> _Data block_
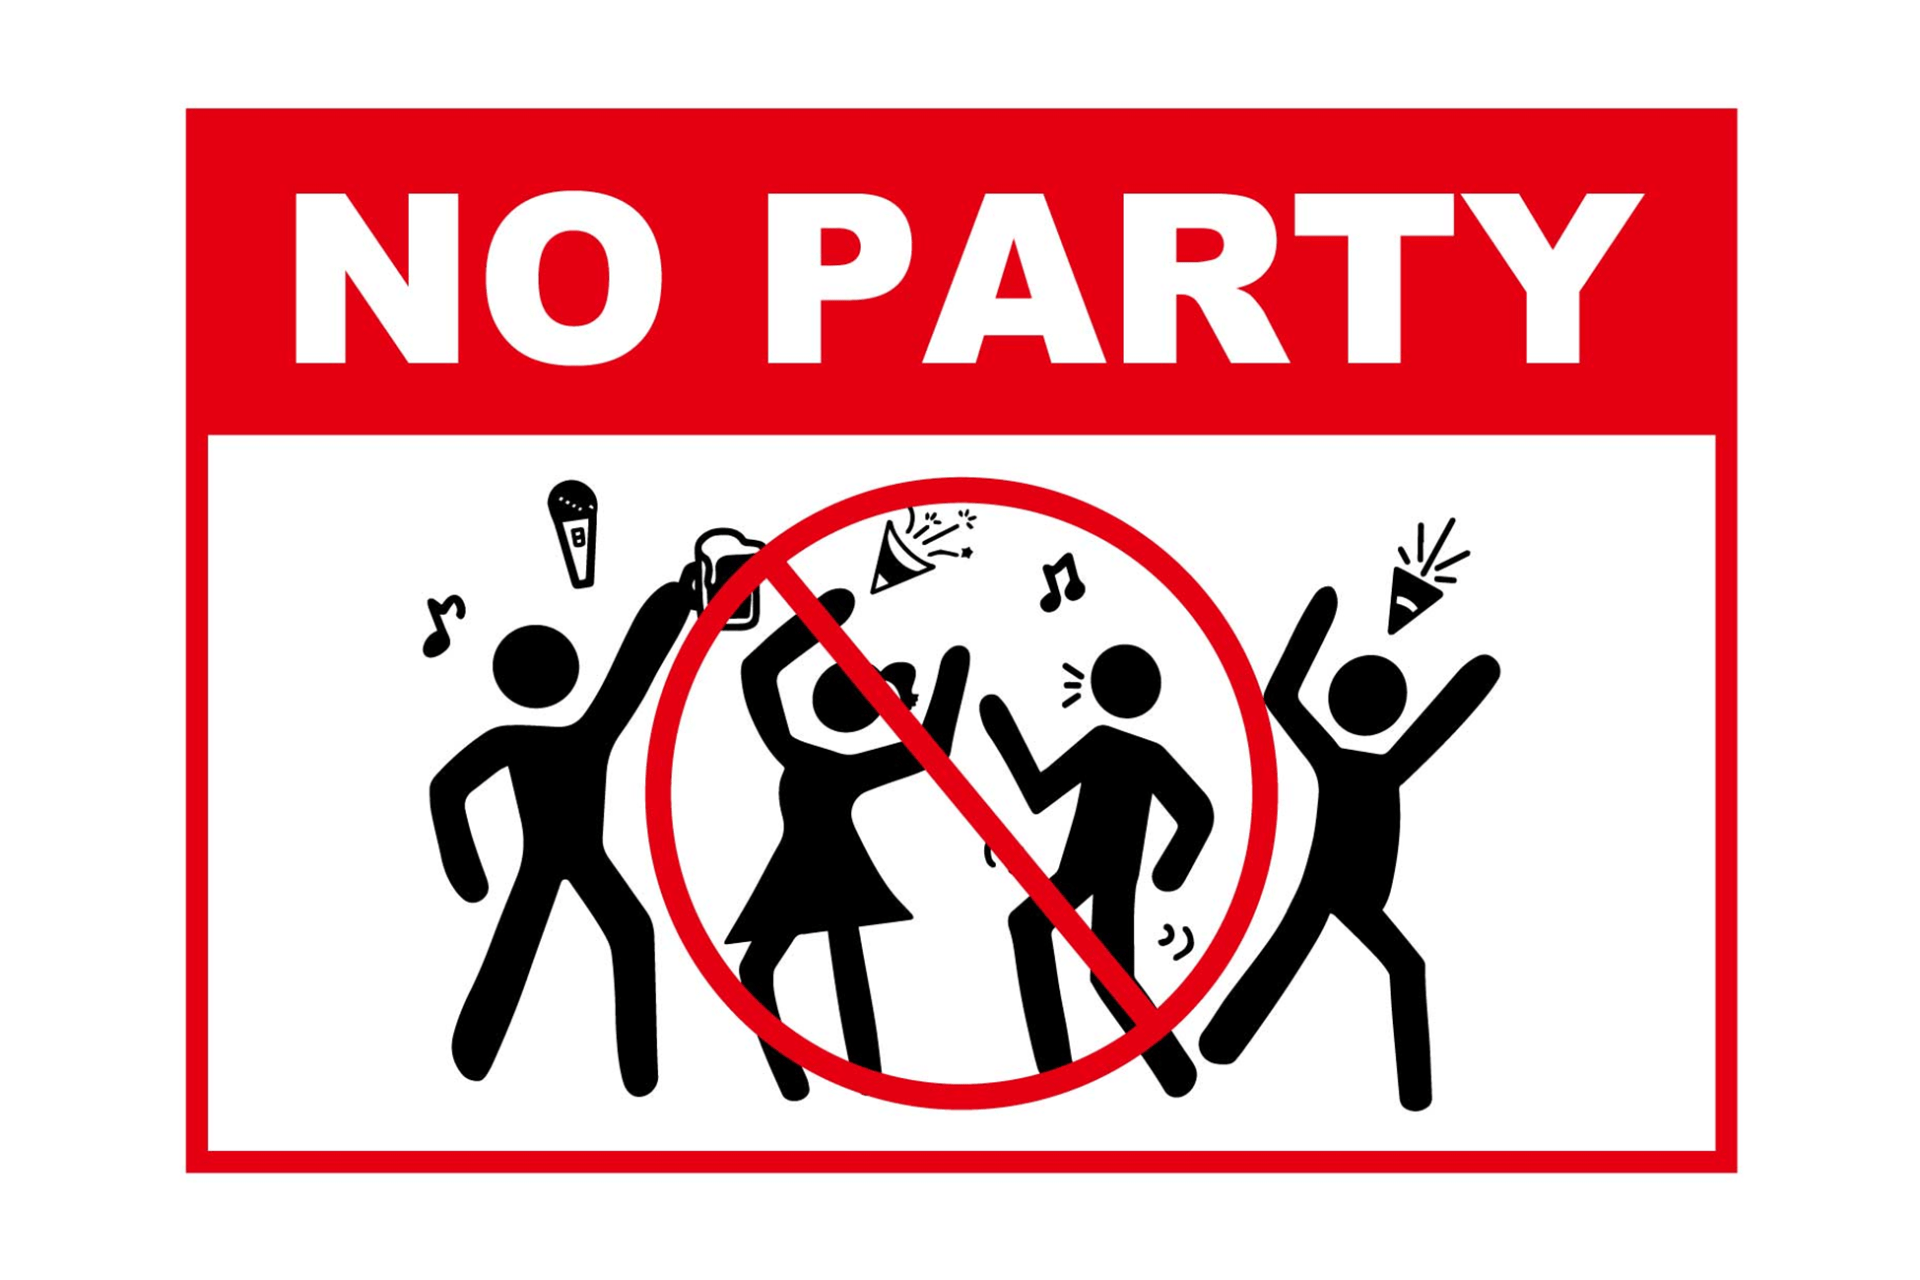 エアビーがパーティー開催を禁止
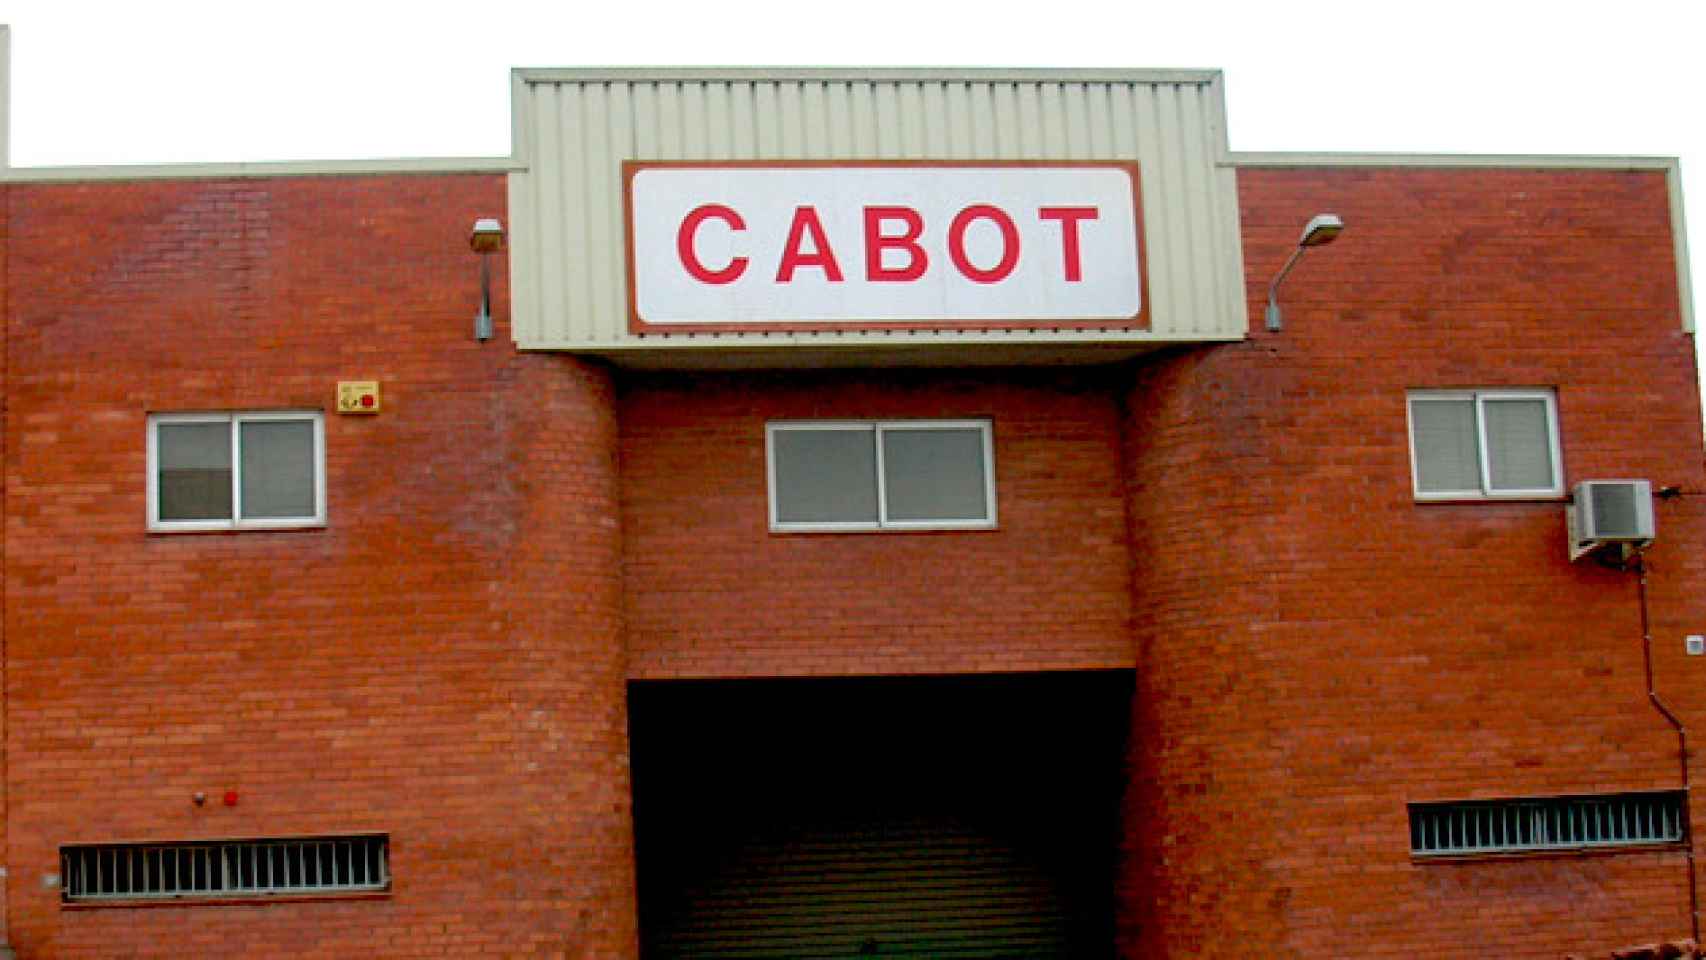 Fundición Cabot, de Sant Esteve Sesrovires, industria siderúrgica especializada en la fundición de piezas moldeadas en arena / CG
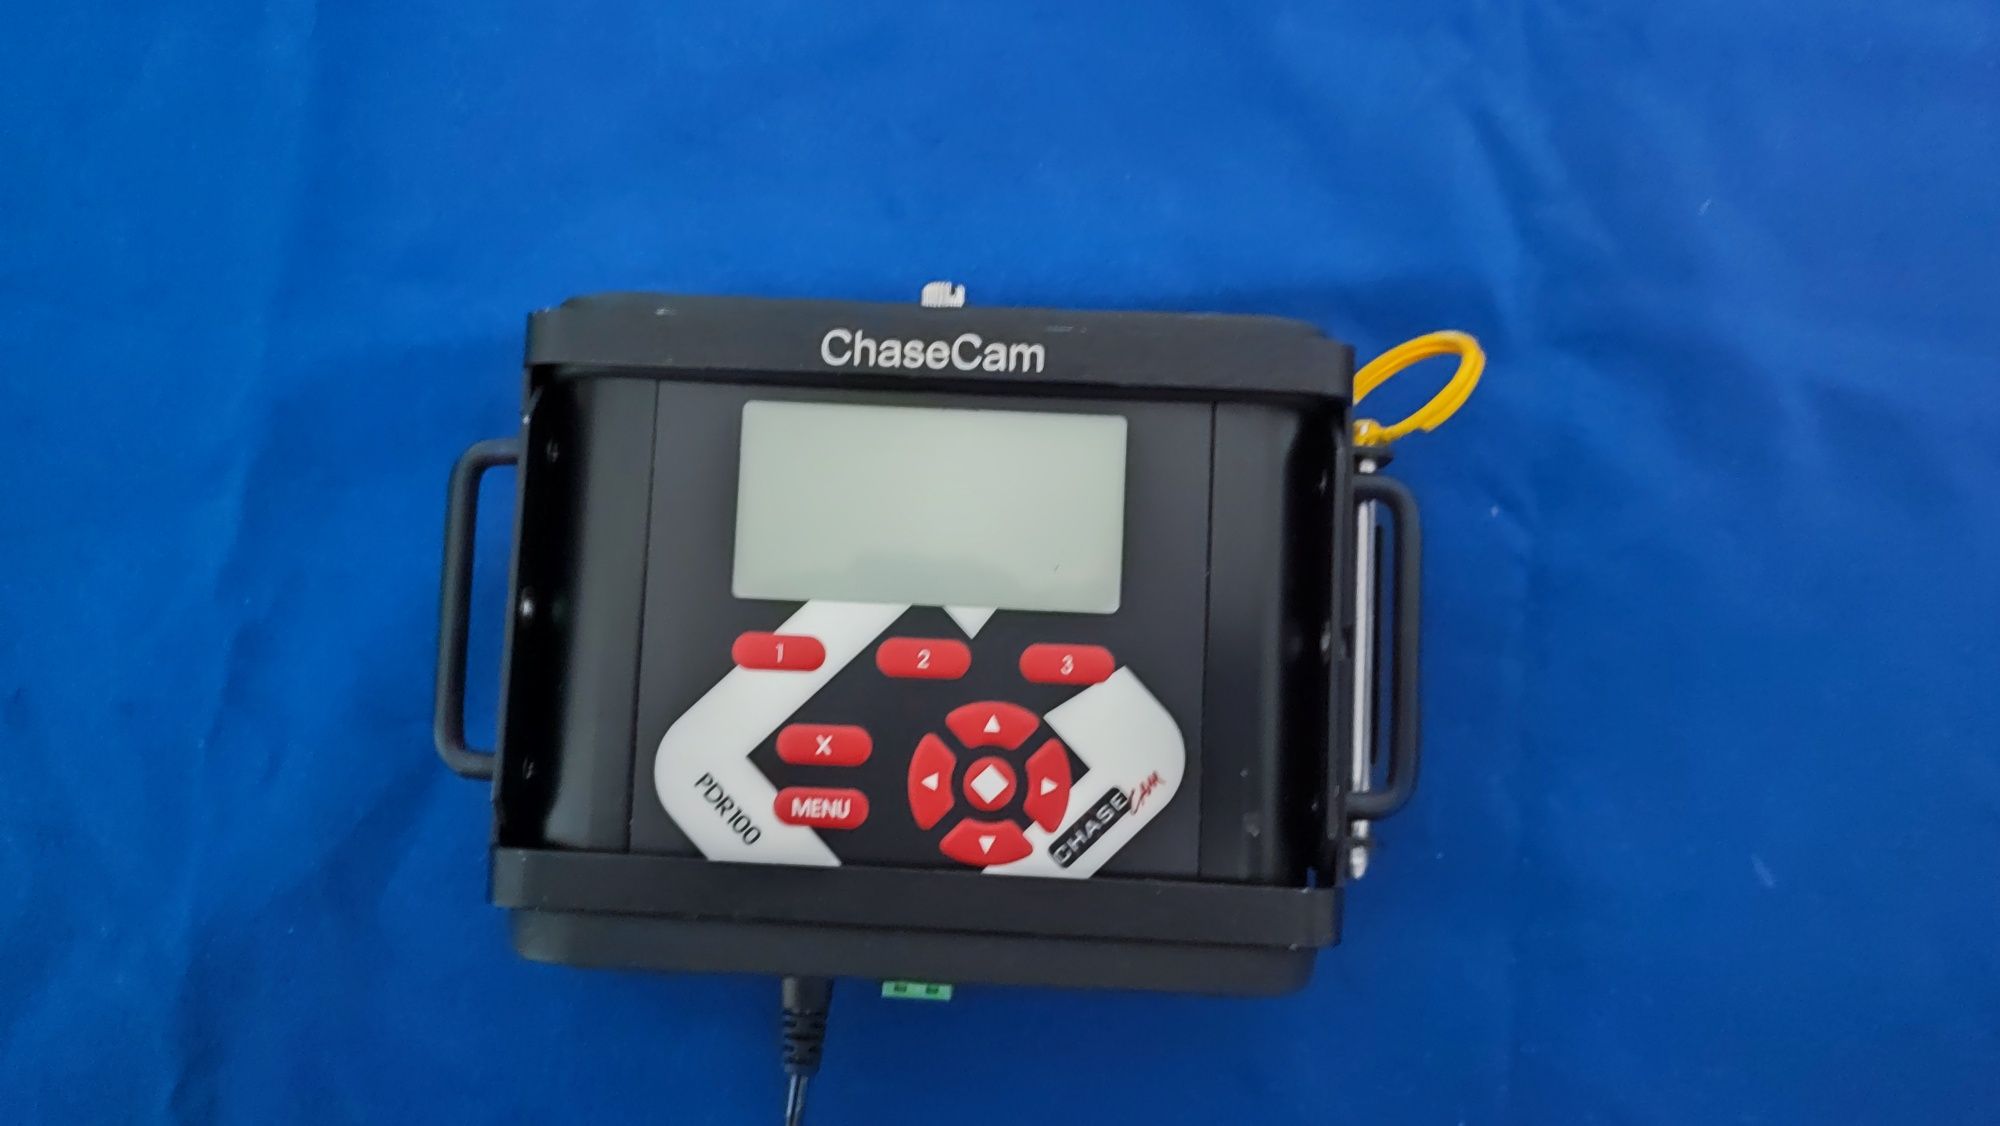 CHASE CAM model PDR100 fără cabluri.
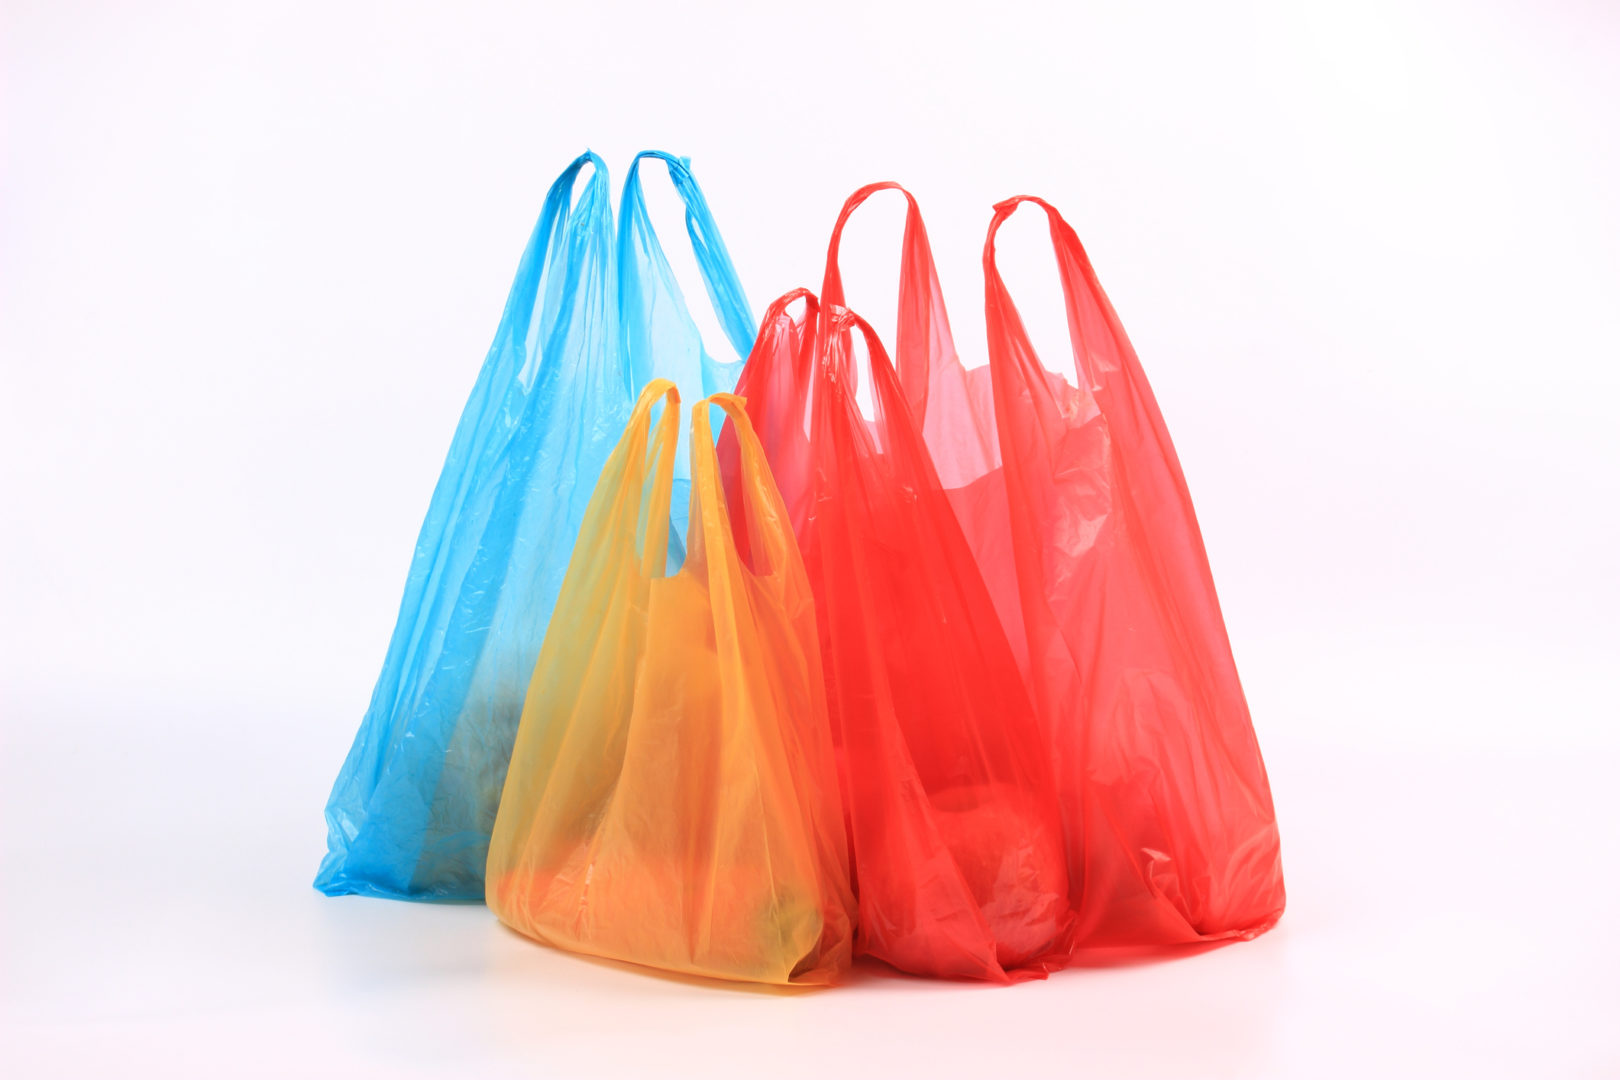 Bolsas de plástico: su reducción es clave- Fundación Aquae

> _Required action_
Without any pictures, print the whole listing again exactly as it stands.

> _Task result_
 エアビーがパーティー開催を禁止
 Fundición Cabot, de Sant Esteve Sesrovires, industria siderúrgica especializada en la fundición de piezas moldeadas en arena / CG
 CHASE CAM model PDR100 fără cabluri.
 Bolsas de plástico: su reducción es clave- Fundación Aquae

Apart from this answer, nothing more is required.